The stunning collapse of Venezuela's bolivar in black market trading this month -- it fell to as low as 423 bolivars per dollar from 279 at the start of the month -- has left Venezuelans scratching their heads, with many wondering why it has sunk below the value of gold and hard currency the central bank has to back it.
Venezuela has maintained strict currency controls since 2003 and currently has three legal exchange rates of 6.3, 12 and 199 bolivars per dollar used for priority imports. On the black market, where people and businesses turn when they can’t obtain government approval to purchase dollars at the three legal rates, the bolivar has weakened 82 percent in the past year to 397 bolivars per dollar on May 26, according to dolartoday.com, a widely watched website that tracks the exchange rate in the Colombian border city of Cucuta.
While steep, the 29.7% decline this month is not unprecedented. The currency fell 33.3% in November of last year, 19.7% in January 2014 and 25.7% in October 2013. Monthly losses of more than 10 percent became frequent starting in mid-2012. Since the start of 2011, the currency has increased in value in only 10 of the past 53 months. The general trajectory has been down, and fast.
The country’s annual inflation rate stood at a reported 69 percent in December, the last month the central bank reported data. Barclays Plc said on May 20 that inflation was currently in the ``triple digits.'' Foreign reserves fell to a 12-year low of $17.5 billion on May 22.

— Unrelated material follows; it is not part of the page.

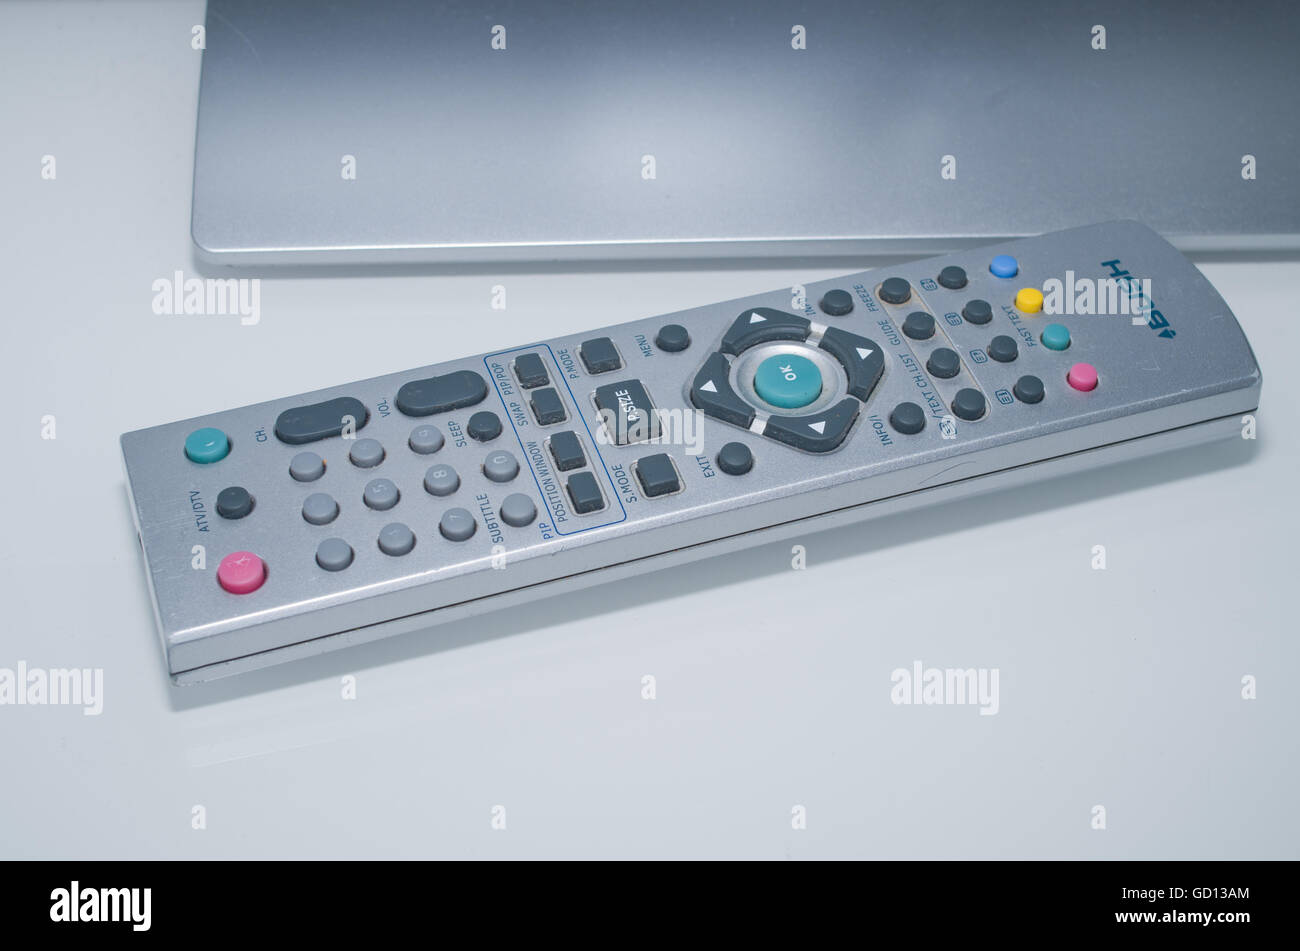 TV Remote control Stock Photo

Something has changed, though. For years, the black-market rate had closely tracked the so-called implicit rate -- the number of bolivars in circulation divided by foreign reserves. Sometimes it even came in below the implicit rate, meaning people had confidence that bolivar was worth more than just the gold and cash the central bank had to back it up.
That all started to change last year though, with the black market rate starting to accelerate far ahead of the implicit rate. Even with Venezuela's international reserves at a 12-year low, which weakens the implicit rate as the central bank has less assets to back its ever-expanding money supply, the black-market rate is now about three times higher than the implicit rate.
"Why are Venezuelans now looking at the price of the dollar in Cucuta instead of the implicit rate? Because it's the most expensive price,'' Ronald Balza, an economist at the Andres Bello Catholic University in Caracas, said in an interview. "Dollars are assets that Venezuelans don't want to exchange for the bolivar, because they feel the bolivar is going to lose value."
To put it simply, it appears that Venezuelans have lost all faith in the bolivar and seem willing to pay whatever it costs for greenbacks. How low the bolivar will continue to slide is anyone's guess. But if history is a guide, there doesn't appear to be a limit.